The alternative of improving the LLVM selector seems harder and I am not sure worth it, since we know exactly how to lower the mask creation. What do you think?

It’s because of how `create_mask` was being lowered to llvm. It was creating a constant vector (0, 1, 2, 3, …), broadcasting the operand of `create_mask`, and comparing both vectors. This has the side effect of having a clamping behaviour (i.e.: if the operand is negative, the resulting vector is all 0s). On the other hand, if you use `get.active.lane.mask`, the behaviour is a wrap-around (negative values get bitcasted to unsigned), which was decided to be undesirable in previous discussions (referenced in the one I linked).

This is fixable, by adding a pre-clamping operation on the operand of `create_mask`, but it’s a bit messier than just switching to a `stepvector`, and there’s something to be said in favour of doing things the same way for both scalable and fixed-length vectors

`llvm.intr.get.active.lane.mask` works both for fixed-length, and scalable vectors, but `create_mask` can be multi-ranked, and complicates the lowering. I thought about it very early on, but stopped the moment it got a bit complicated. The `stepvector` approach was straightforward and I went for that. It might be a good time to get back the `get.active.lane.mask` option?

There’s certainly a lot to improve there

The `vector.predicate` op is orthogonal to the way the mask is generated.

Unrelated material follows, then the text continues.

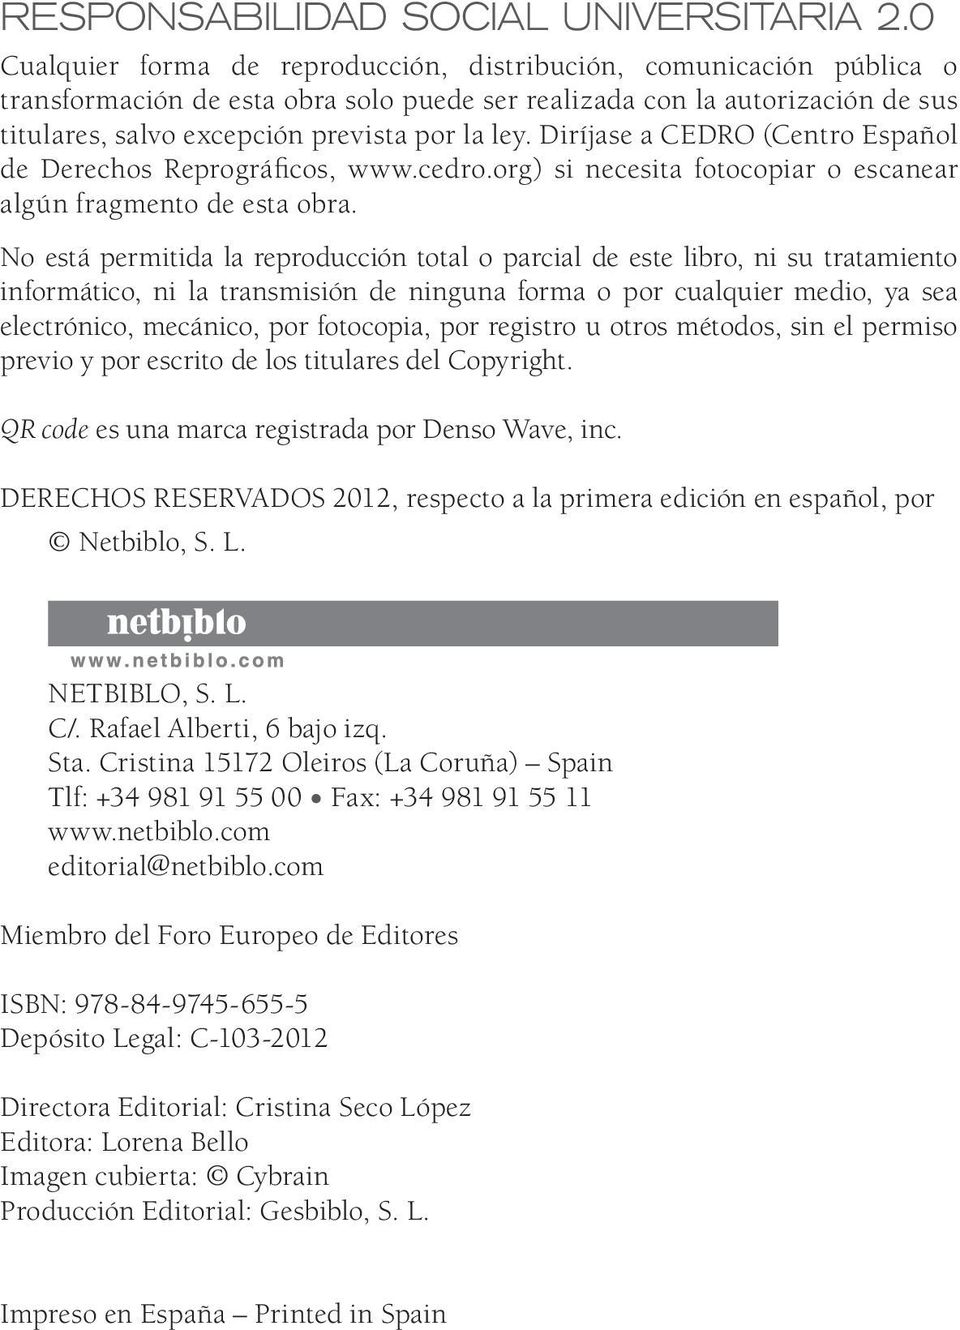 Diríjase a CEDRO (Centro Español de Derechos Reprográficos, www.cedro.org) si necesita fotocopiar o escanear algún fragmento de esta obra.

We can compute the mask that we want, fixed or scalable, and use it there.

I’m already making progress in this direction. Hopefully we can coordinate so that we don’t duplicate work. The main problem is that having something working for simple cases is simple but we have to support multi-dimensional vectorization, named ops and have a proper lowering for those. We need to iterate a bit before we can have something that we can land. Happy to share my progress on github when I have something stable. I’ll keep you posted.

Not totally follow the `sortofpeeling` approach but the `vector.predicate` op is a high-level abstraction aimed at preventing that we go out of bounds with vector memory operations, if that’s what you are trying to do. It shouldn’t matter if you are dealing with dynamic shapes as long as we compute the mask properly.

I think I’m not aware of the `PeelOp`. Is that from the Transform dialect? `PadOp` is a different case because it’s actually transforming a tensor. It should be ok for vector operations to interact with tensors. We already already have operations that do so (vector transfer ops, for example).

+1 to minimizing hw-specific lowerings and, I would also add, introducing hw-specific abstraction in the Vector dialect. We have to make sure that whatever we come up with also works for RISC-V and does not interfere with the existing support for fixed vector-length vectors.

I think it’s great if you can prototype something quickly! We can learn from it and apply it to the long term approach. We can use the IREE Sandbox for that or share patches on github.